Give again, exactly as written, each line of the material below starting at the line that contains "Hive logo, company" and ending at the line that contains "Qualification - Application". Both ends count, and no other line does.

**Task inputs**
•••
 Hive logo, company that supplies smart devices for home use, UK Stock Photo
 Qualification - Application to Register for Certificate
•••
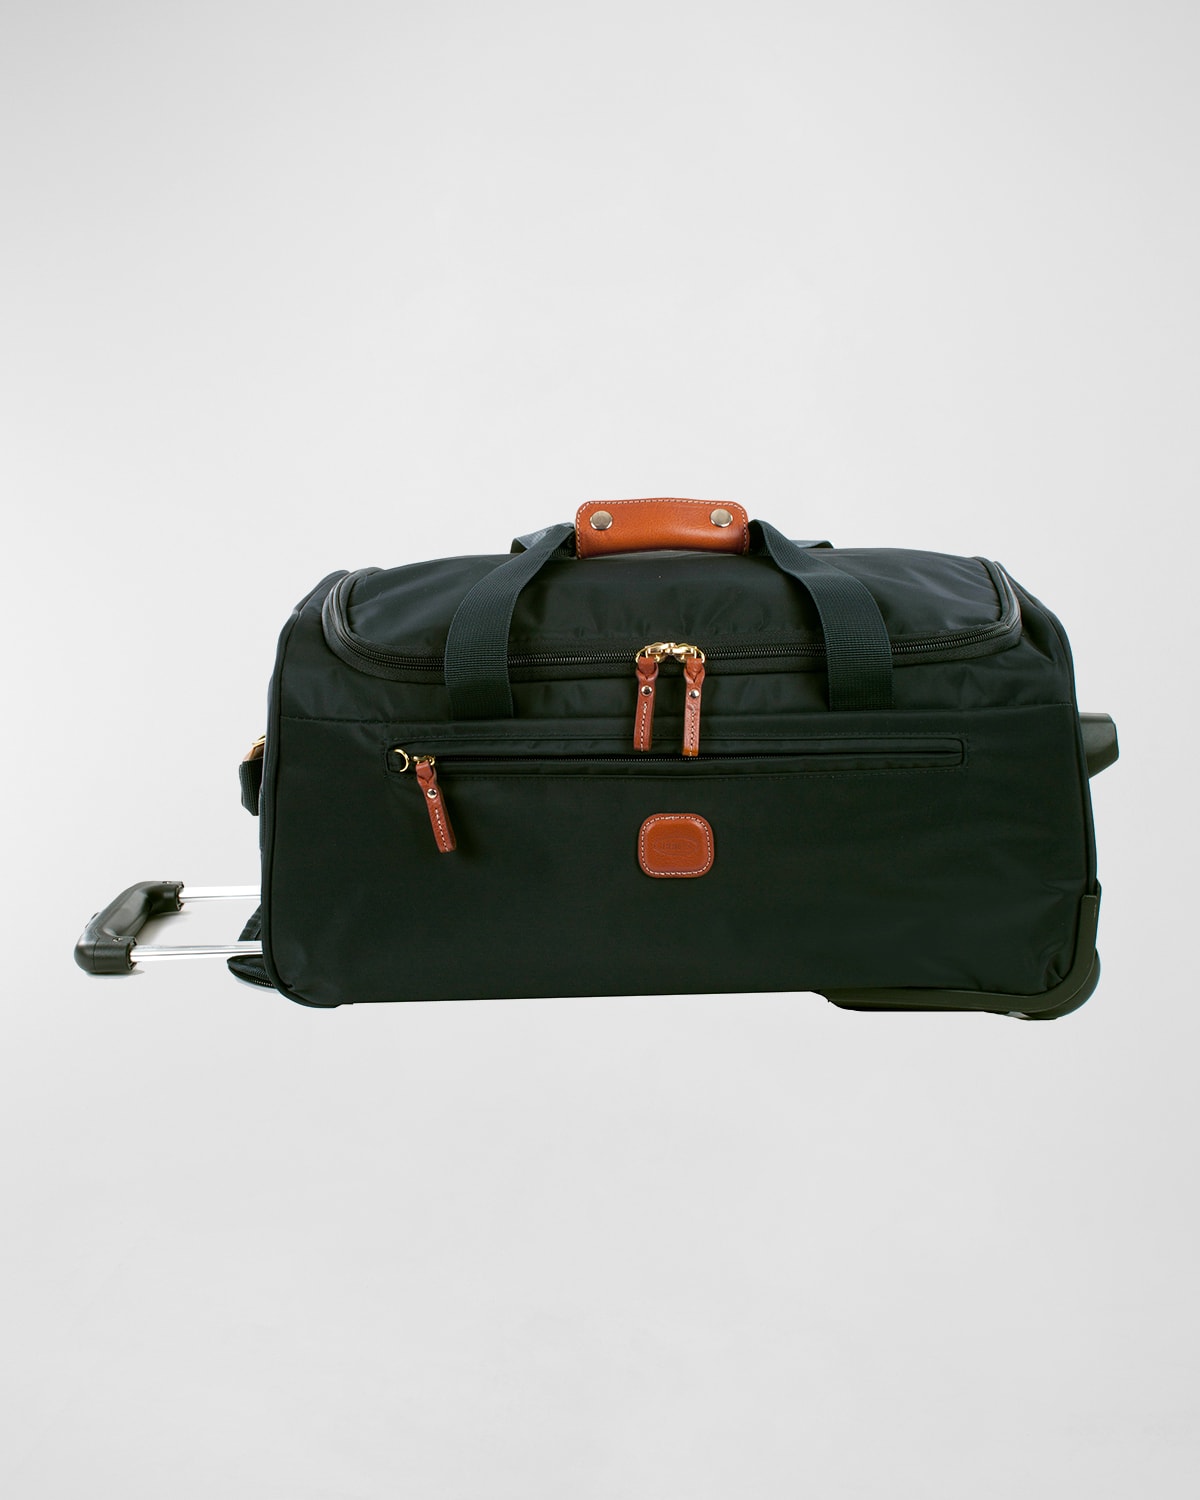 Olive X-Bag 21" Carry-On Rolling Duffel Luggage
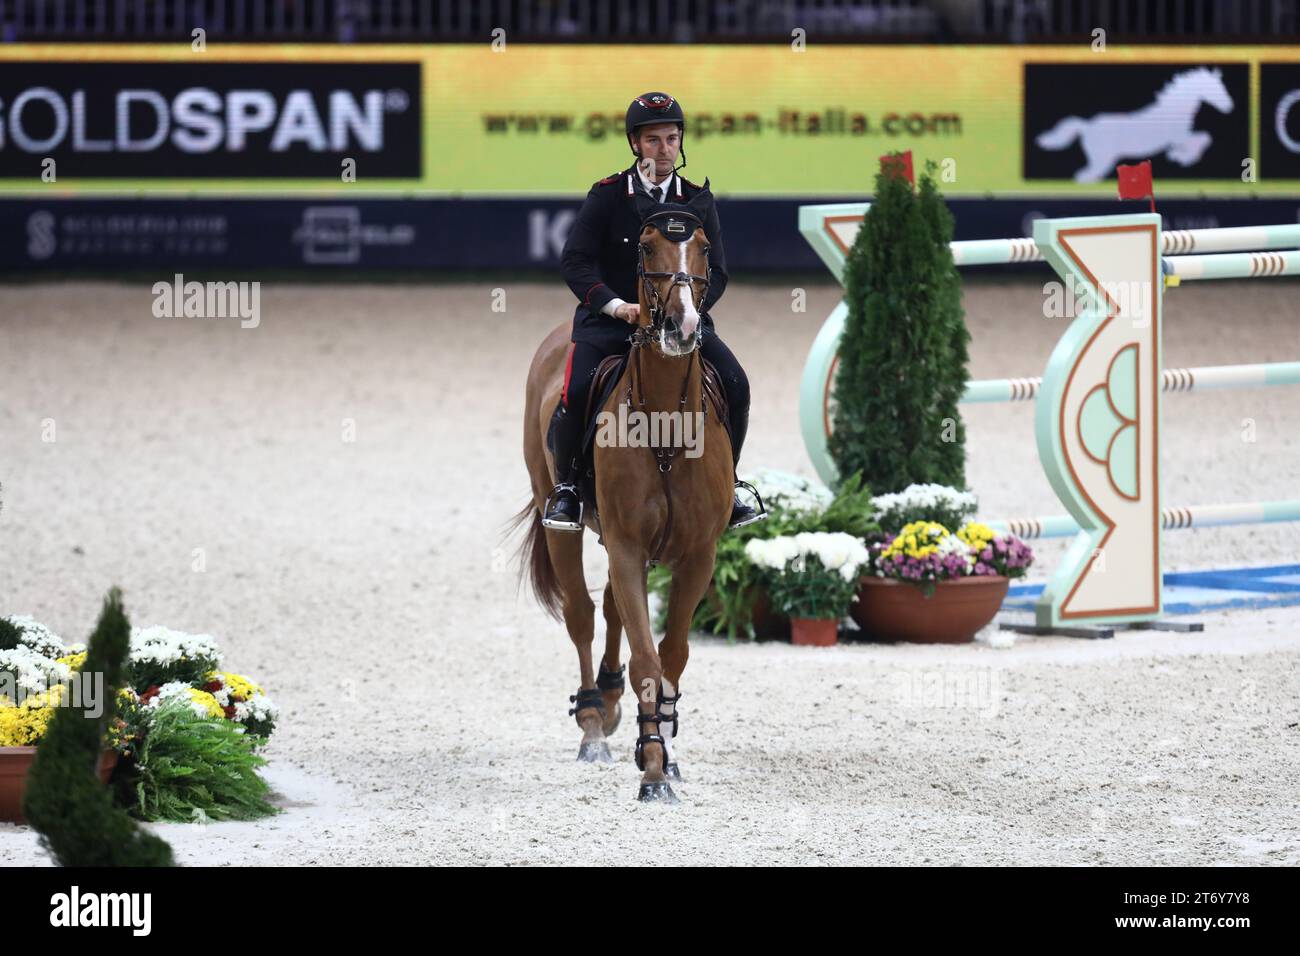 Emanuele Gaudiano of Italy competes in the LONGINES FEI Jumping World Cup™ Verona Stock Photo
•••
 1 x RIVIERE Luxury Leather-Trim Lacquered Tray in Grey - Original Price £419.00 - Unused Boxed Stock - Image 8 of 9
•••
**Problem solution**
 Hive logo, company that supplies smart devices for home use, UK Stock Photo
 Qualification - Application to Register for Certificate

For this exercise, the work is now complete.